# Air-rifle as a survival tool??



## kirkmcquest (Oct 21, 2010)

O.K I'm not talking about the daisy red rider here. I'm talking about a real functional air rifle which go all the way up to .50cal and are used to take down boar, deer and etc. The Koreans make some of the best, and you can peruse some here; www.pyramydair.com.

They go from .22 all the way up and cost as much as a traditional 'fire-arm'. Louis and Clark had one on their voyage and commented that it was more reliable and functional than their firearms.

I see the advantage being that, with a special hand pump, you can manually reload in perpetuity. With a simple 'tool and die' kit from Corbin you can make your own pellets and recycle them forever without needing to buy anything. The process is different from 'casting' bullets, it is a 'cold' process called 'swaging' which is actually alot less labor intensive.

The other advantage is sound. The bigger calibers make noise too...but a lot less noise than a powder gun. The smaller calibers, many of which work with a 'nitro' spring are reported to be whisper silent. I don't see it as a defense weapon BUT.... In a survival situation, I can definitely see an advantage to being able to take down game silently, with a gun that doesn't need bullets...( plus they are cool ). What say you?


----------



## Ernie (Jul 22, 2007)

I think they'll work for a long time but sooner or later whatever rubber gasket inside of them that holds pressure will degrade.
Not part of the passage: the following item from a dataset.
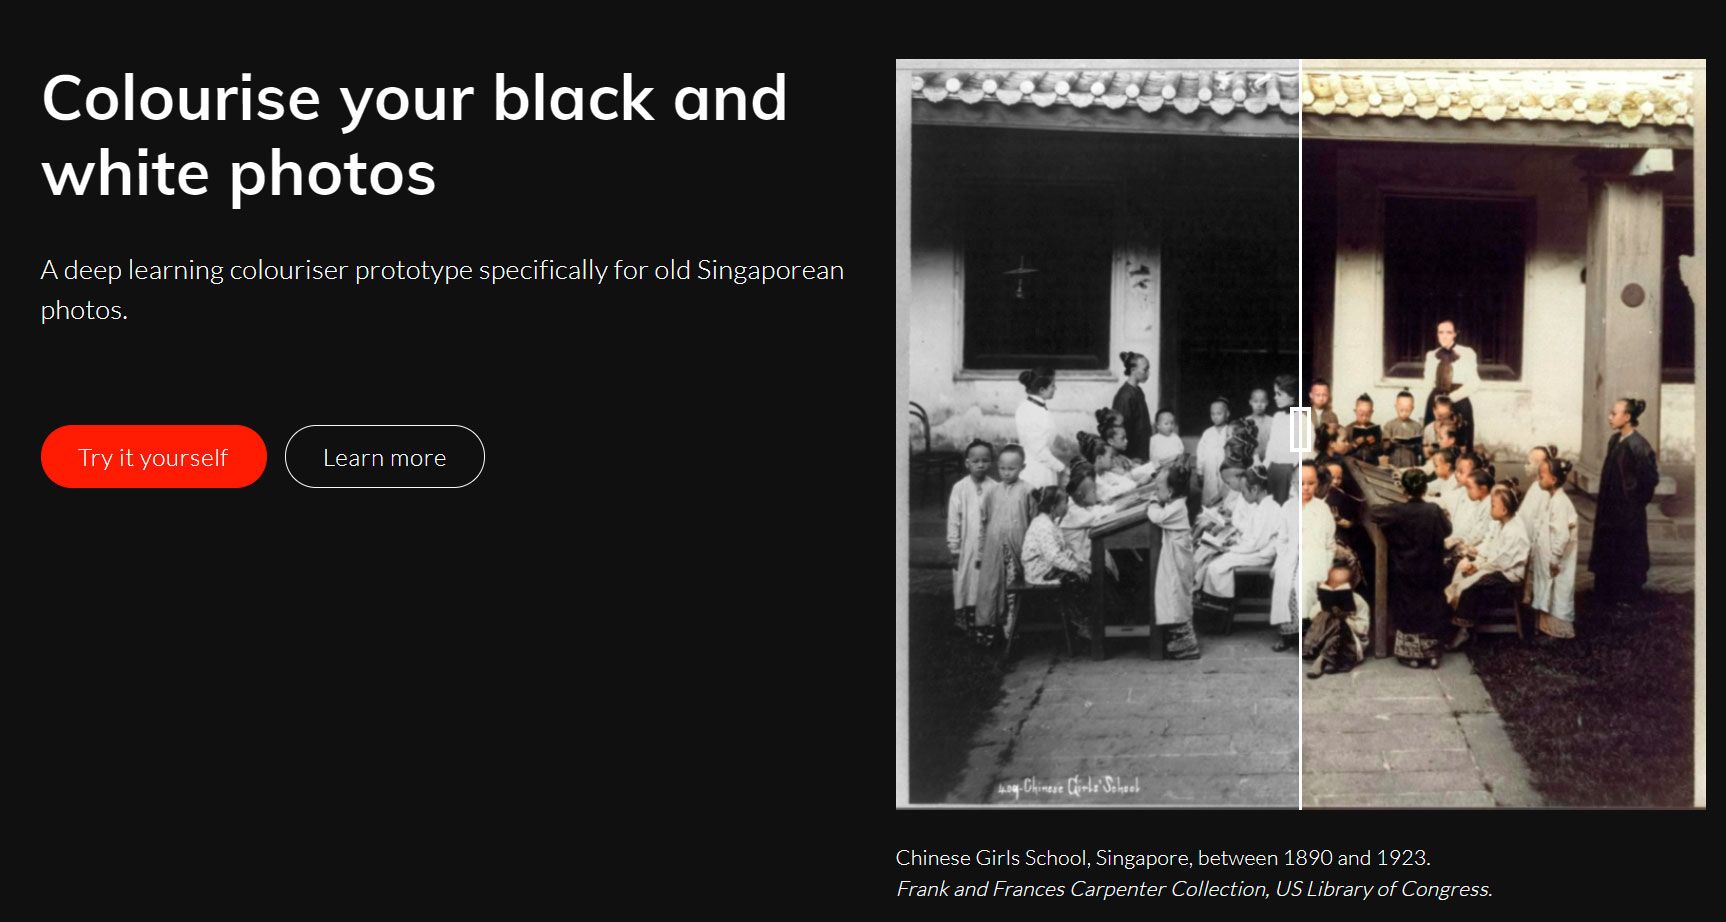  colorize black and white photos in colorise.sg..

Other than that, I like them. But it wouldn't be my main weapon. Probably a great poacher's tool.


----------



## Darren (May 10, 2002)

Air rifles are dandy for killing game up to at least rabbits with a head shot even in .17 caliber. Years ago Beeman imported the Feinwherkbau from Germany that used a spring that you compressed by operating the barrel as a lever. I saw one with an 8 power Leupold. It was very accurate. Another idea, depending on your state, is to buy a silencer for a .22.


----------



## megafatcat (Jun 30, 2009)

Poaching or training up the younguns. We will not be giving the kids a couple bulk packs of .22 for practice, but they will need to shoot well.
For hunting, if there is any chance of big game, I will take the biggest, baddest repeating rifle I can because the meat and hide would be too important for a single shot.


----------



## time (Jan 30, 2011)

My grandad had a .22 cal. Worked great for many years. I think it's still around, don't know who ended up with it when he passed.


----------



## zant (Dec 1, 2005)

"Great poachers tool",I bought a pyramid at a yd sale pretty cheap..and I have 6-20oz CO2 tanks,it will kill a big rabbit and a small coyote(LUCKY shot).I believe in as many backups for everything.


----------



## Explorer (Dec 2, 2003)

It worked well for Lewis & Clark like you say. Really wowed the natives. I believe it was a .36 cal, but really don't remember from the history I read. I did have a .22 cal German made air rifle that shot at about 1100-1200 fps. It killed rabbits as well as any .22 powder gun. That said now I use a .22 powder gun with sub-sonic shells.


----------



## Ed Norman (Jun 8, 2002)

In the 60s my grandpa gave me his old Benjamin 22 air rifle and he bought a new one. I wore out and rebuilt the old one, twice. It finally fell apart from metal fatigue on the air chamber area. I got his new one when he passed and used it this morning to take a magpie at 40 yards. I built a scope mount for it that uses a shotgun scope to give some clearance for he loading area. 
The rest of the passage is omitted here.